Il y a donc une véritable mise en scène, qui aurait pu n’être qu’intimiste, mais qui se révèle efficace, fluide même, par la façon dont Marko aborde ses personnages, toujours à leur hauteur, en prenant tout son temps pour que chacun d’entre eux ait ses propres expressions, ses propres mouvements.

Marko: les expressions…

J’aime cette série, une bande dessinée qui n’a pas besoin d’artifices pour être efficace. On ne s’extasie pas sur les perspectives, sur les démesures graphiques, mais, tout au contraire, on se reconnaît, dans nos quotidiens, au travers de ceux qui nous sont montrés, ceux d’hier comme d‘aujourd’hui… C’est de la bande dessinée pour jeunes adolescents qui, à aucun moment, ne les prend pour des crétins. C’est de la bande dessinée qui se fait également pédagogique à sa manière, mais de façon tout sauf scolaire.
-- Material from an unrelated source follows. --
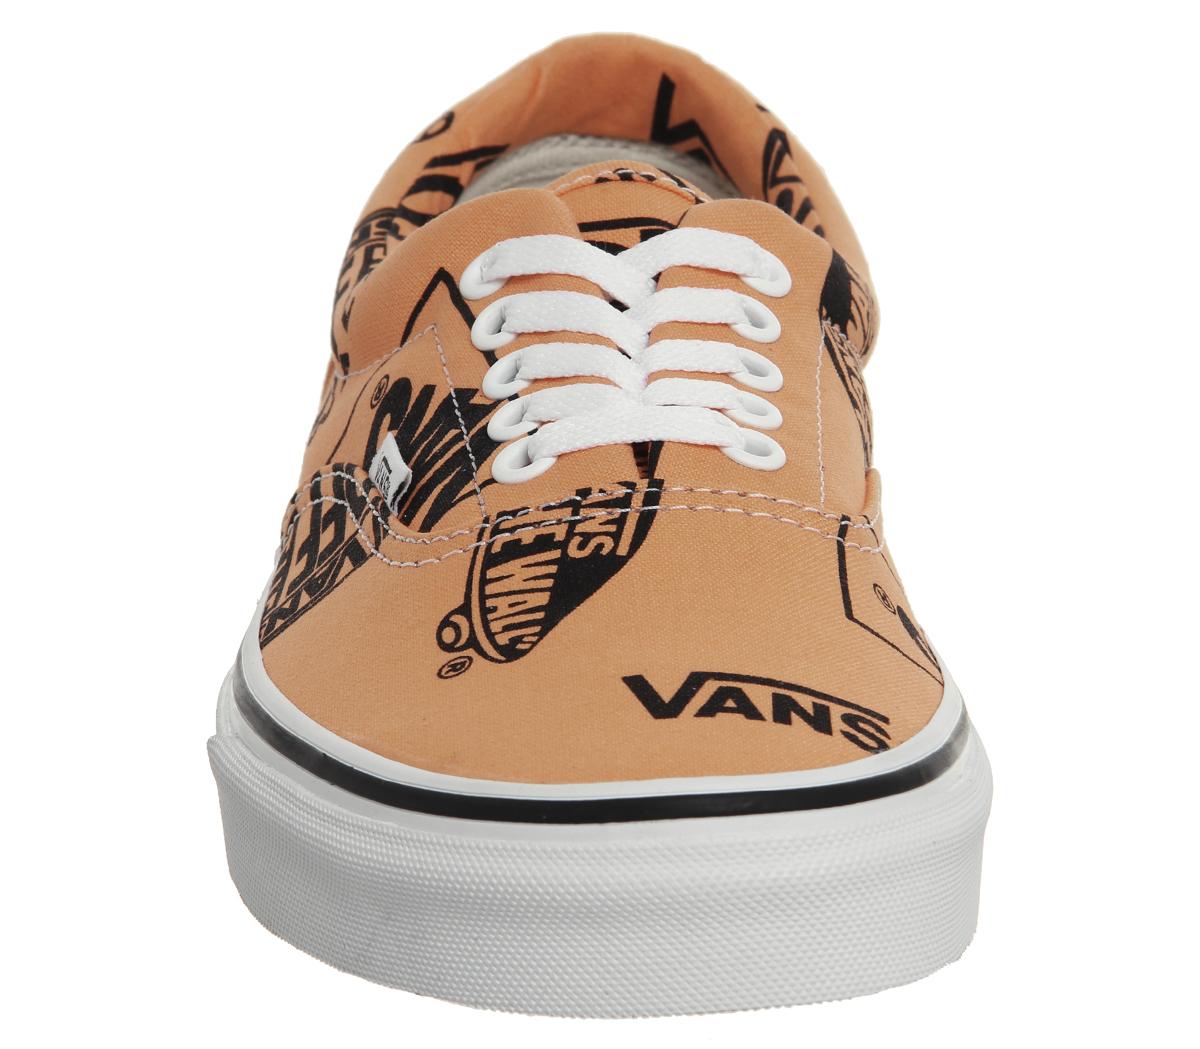 52ddda245ef0 Mens Vans Era Trainers Tangerine Black Logo Trainers Shoes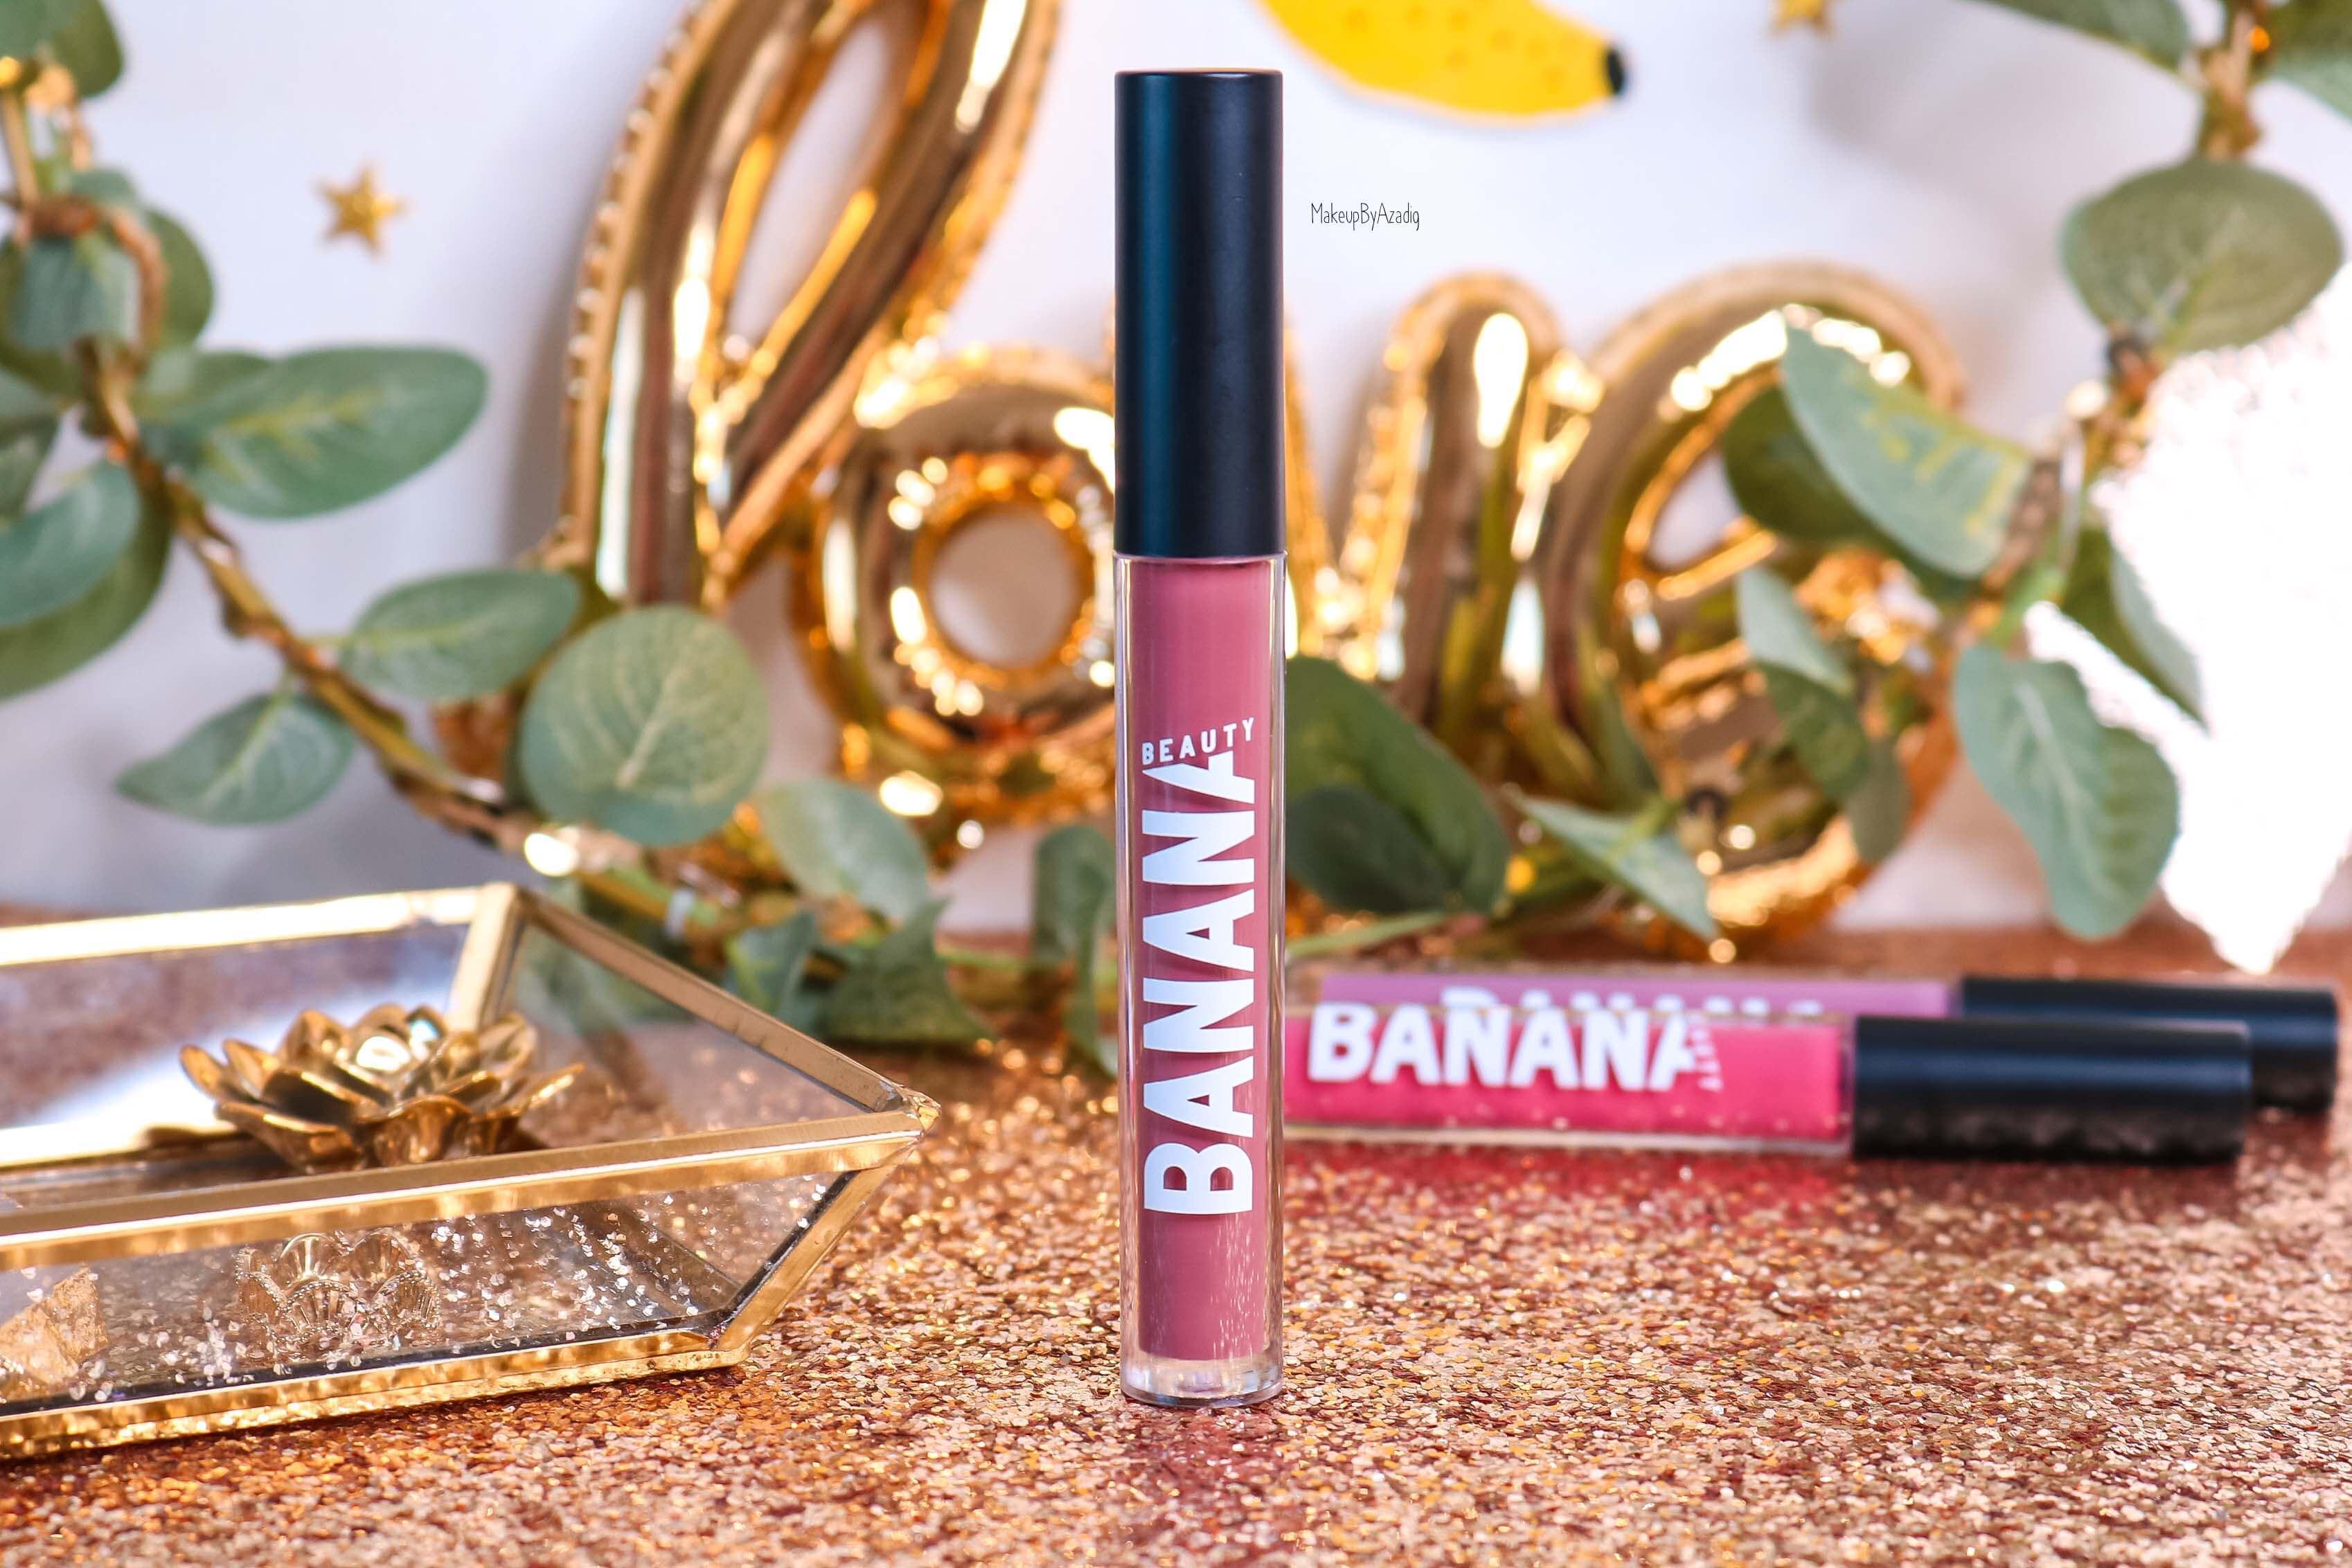 revue-rouge-a-levres-lipstick-banana-beauty-avis-prix-swatch-partenariat-ohlalicious-lady-licious-heels-up-makeupbyazadig-nude-collector-code-promo-vintage

C’est que les thèmes abordés sont graves, sérieux… Dans ce troisième volume, on aborde, certes, le féminisme et ses combats qui restent toujours à accomplir, mais on parle aussi, à petites touches, de l’homosexualité, de la maladie d’Alzheimer…

Marko: des sujets sérieux

Ce qui fait la réussite d’une série dont la « cible » est le monde de l’adolescence, c’est la connivence qu’elle peut créer avec ses lecteurs. Et pour que ce soit le cas, il faut que les auteurs, au travers d’un ton simple et enjoué, soient en fusion… Et c’est bien le cas, ici, avec deux scénaristes, Carbone et Cee Cee Mia qui complètent leur récit par un petit dossier, en fin d’album. Avec un dessinateur, Marko, je l’ai dit, qui va à l’essentiel pour que chaque planche accroche le regard. Avec une coloriste, HadH, qui met en évidence de page en page les mouvances des personnages avec un sens évident de l’illustration.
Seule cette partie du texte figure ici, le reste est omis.